**WHAT TO PRODUCE:** In the listing that follows, locate the line containing "Em direto: Benfica 3-3 Inter (terminado)" and the line containing "गर्मी में रखे". Retype exactly those two lines and every line between them, and nothing more.

**DATA PROVIDED:**
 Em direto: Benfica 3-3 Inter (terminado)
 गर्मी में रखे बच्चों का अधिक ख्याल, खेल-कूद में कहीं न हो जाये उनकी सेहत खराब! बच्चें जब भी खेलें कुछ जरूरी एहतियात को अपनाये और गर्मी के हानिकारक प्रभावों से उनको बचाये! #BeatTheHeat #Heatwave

==

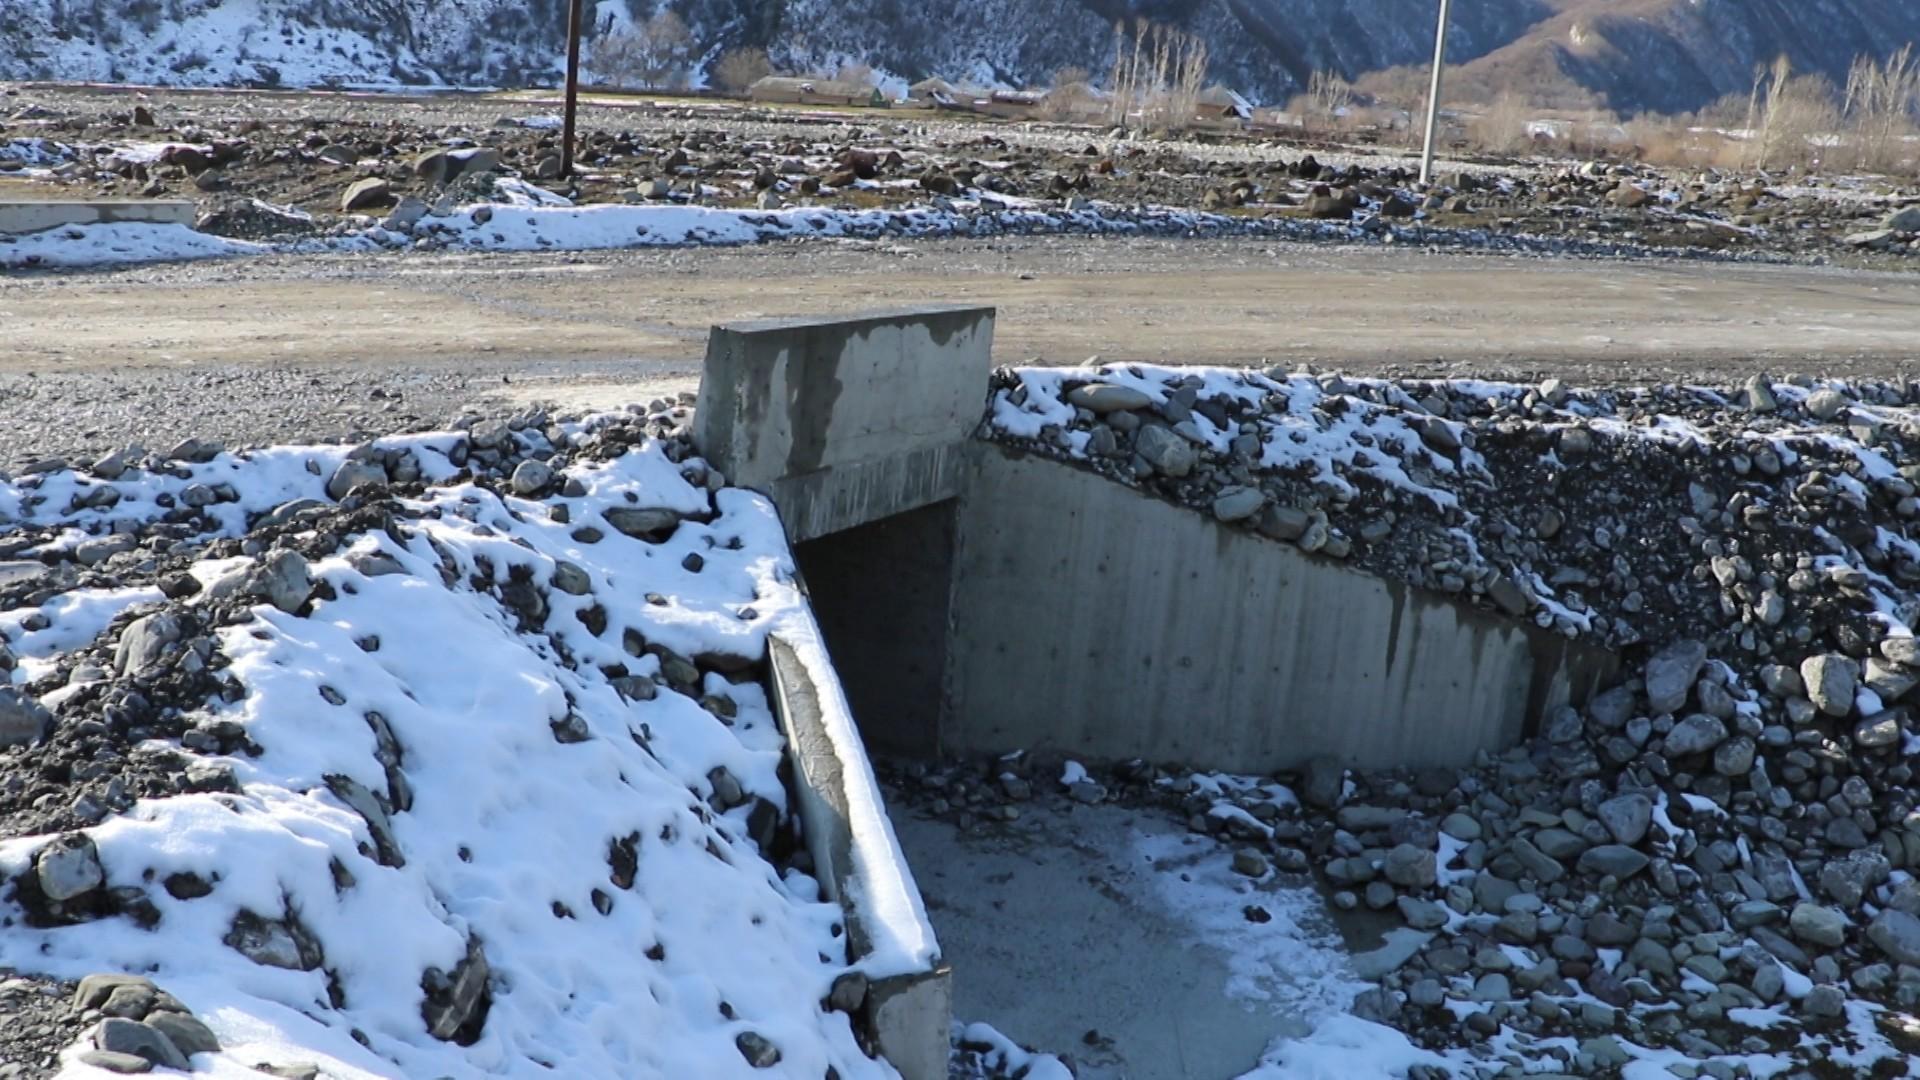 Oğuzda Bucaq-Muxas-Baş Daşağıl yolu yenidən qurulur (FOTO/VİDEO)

**TASK RESULT:**
 Em direto: Benfica 3-3 Inter (terminado)
 गर्मी में रखे बच्चों का अधिक ख्याल, खेल-कूद में कहीं न हो जाये उनकी सेहत खराब! बच्चें जब भी खेलें कुछ जरूरी एहतियात को अपनाये और गर्मी के हानिकारक प्रभावों से उनको बचाये! #BeatTheHeat #Heatwave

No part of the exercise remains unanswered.